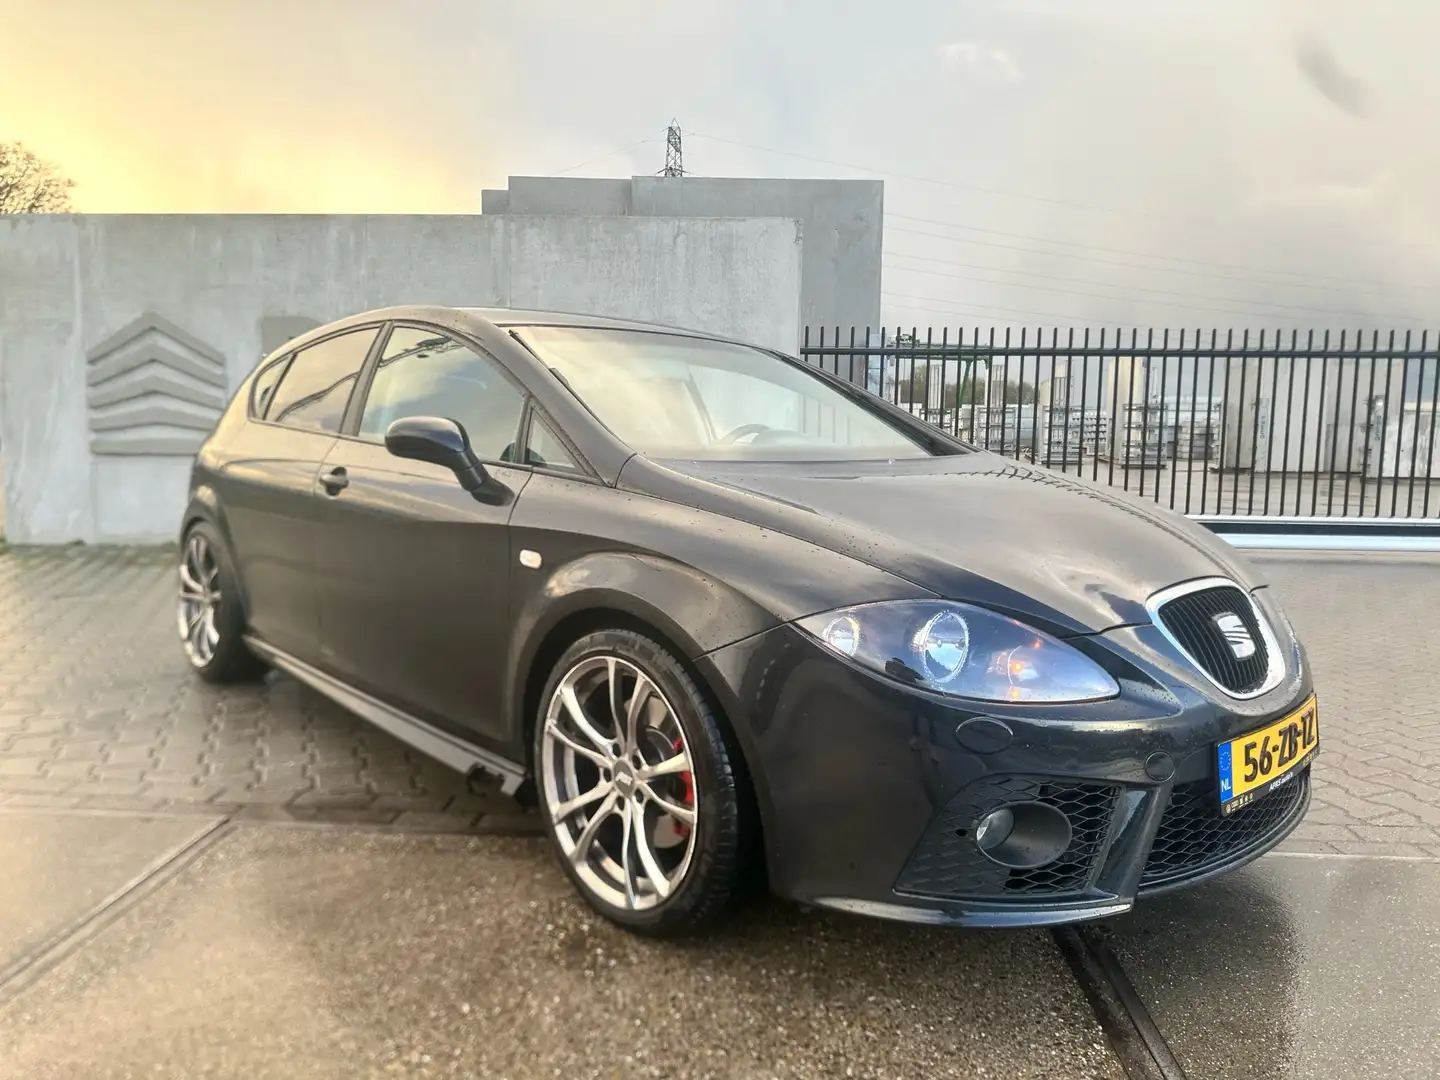 SEAT Leon 2.0 TFSI FR stage1, pops &bangs, ABT, H&R, Kanon crna - 2
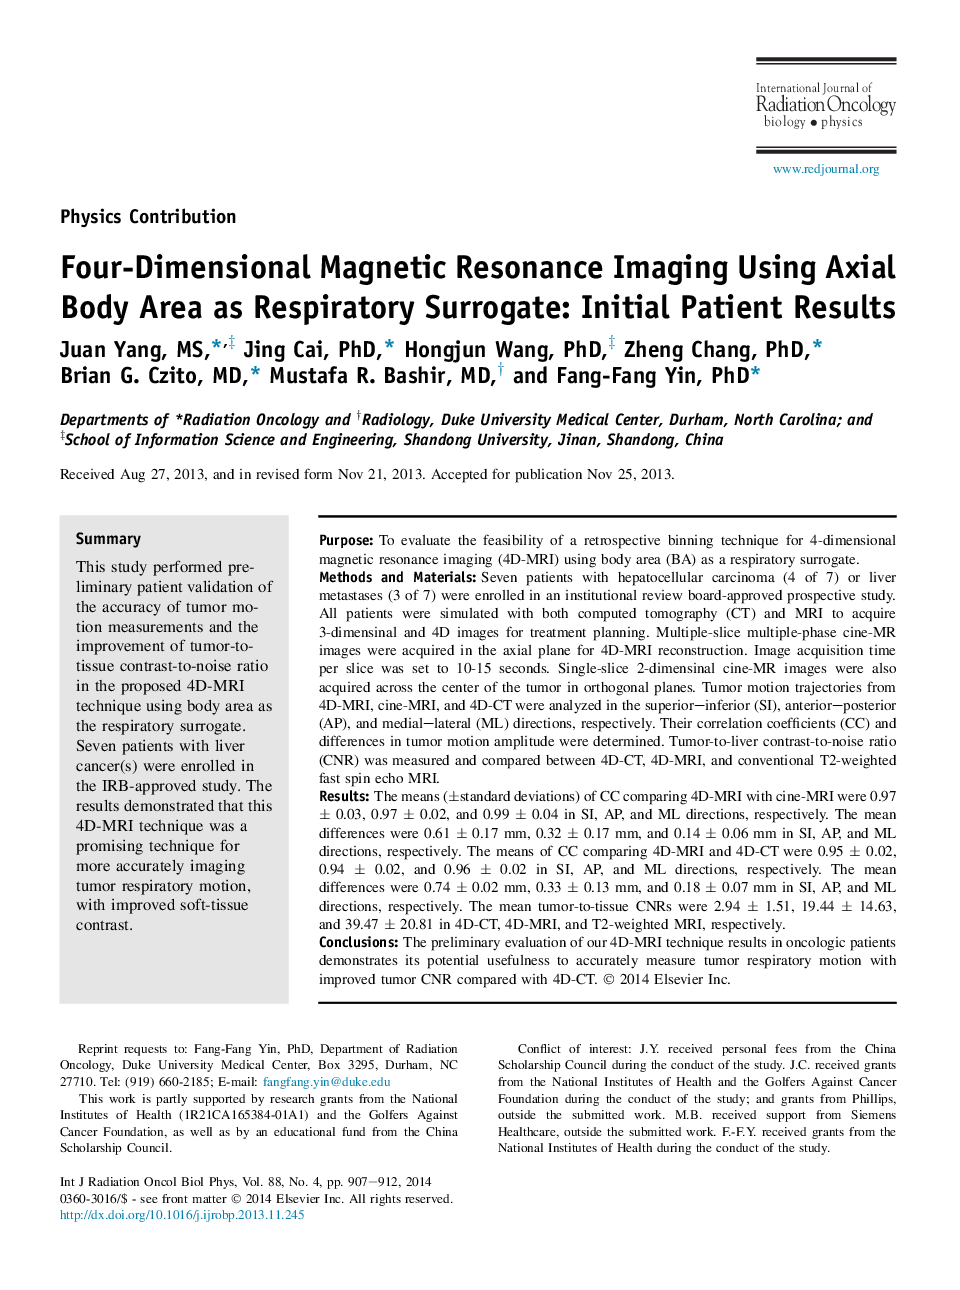 Four-Dimensional Magnetic Resonance Imaging Using Axial Body Area as Respiratory Surrogate: Initial Patient Results
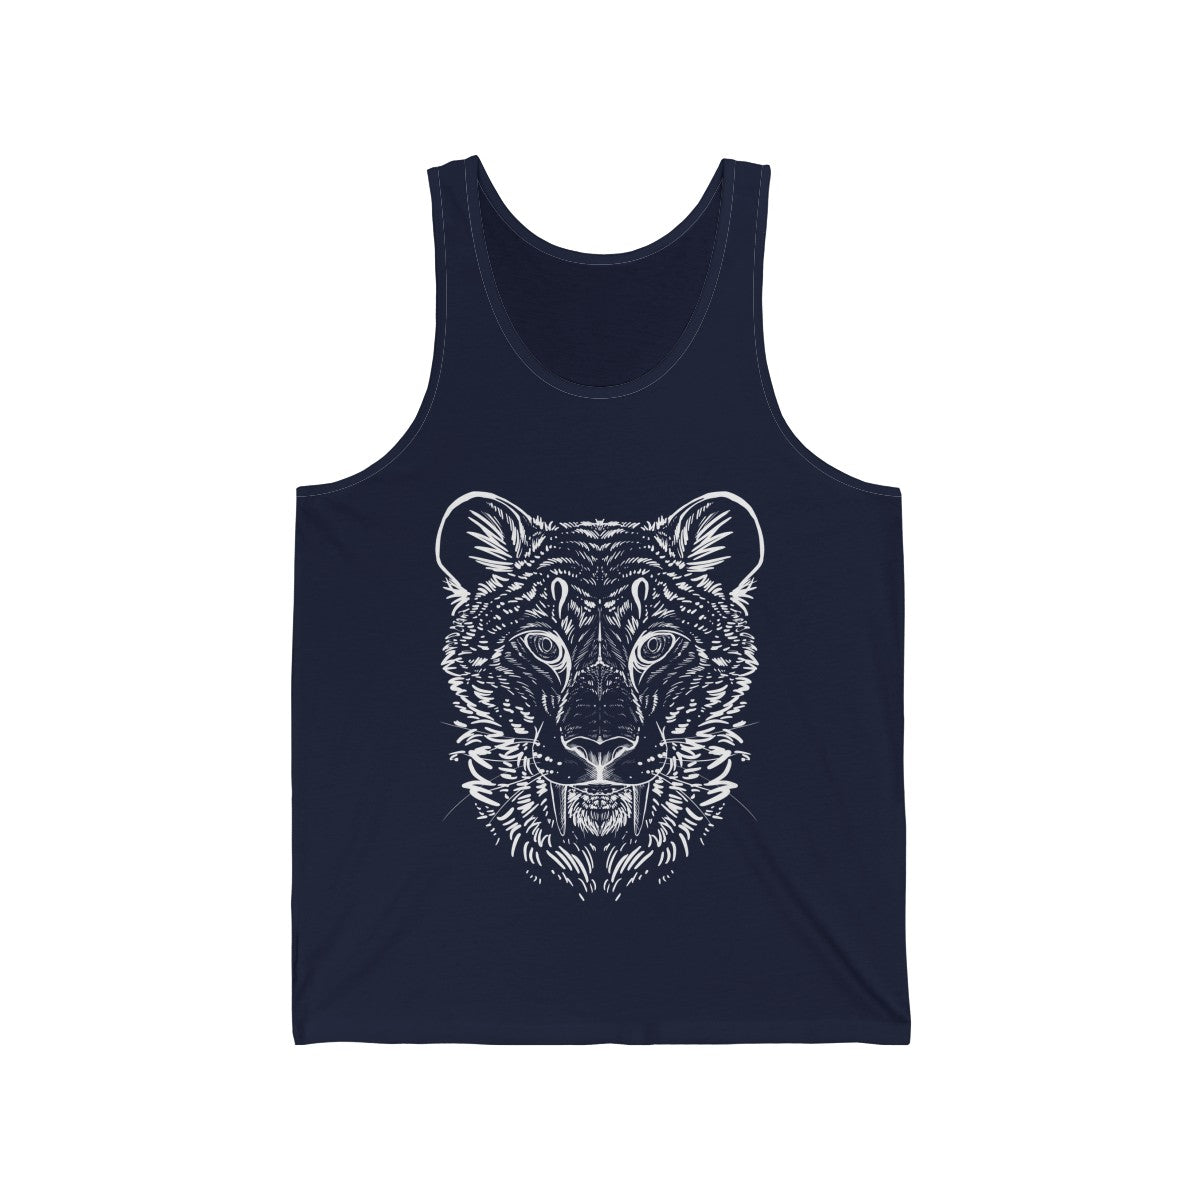 Wolf Colored - Tank Top Tank Top Dire Creatures Navy Blue XS

Exercise aim >> Could the data above be copied out exactly, with no pictures kept?

Answer to this task >>
 SEAT Leon 2.0 TFSI FR stage1, pops &bangs, ABT, H&R, Kanon crna - 2
 Four-Dimensional Magnetic Resonance Imaging Using Axial Body Area as Respiratory Surrogate: Initial Patient Results
 Wolf Colored - Tank Top Tank Top Dire Creatures Navy Blue XS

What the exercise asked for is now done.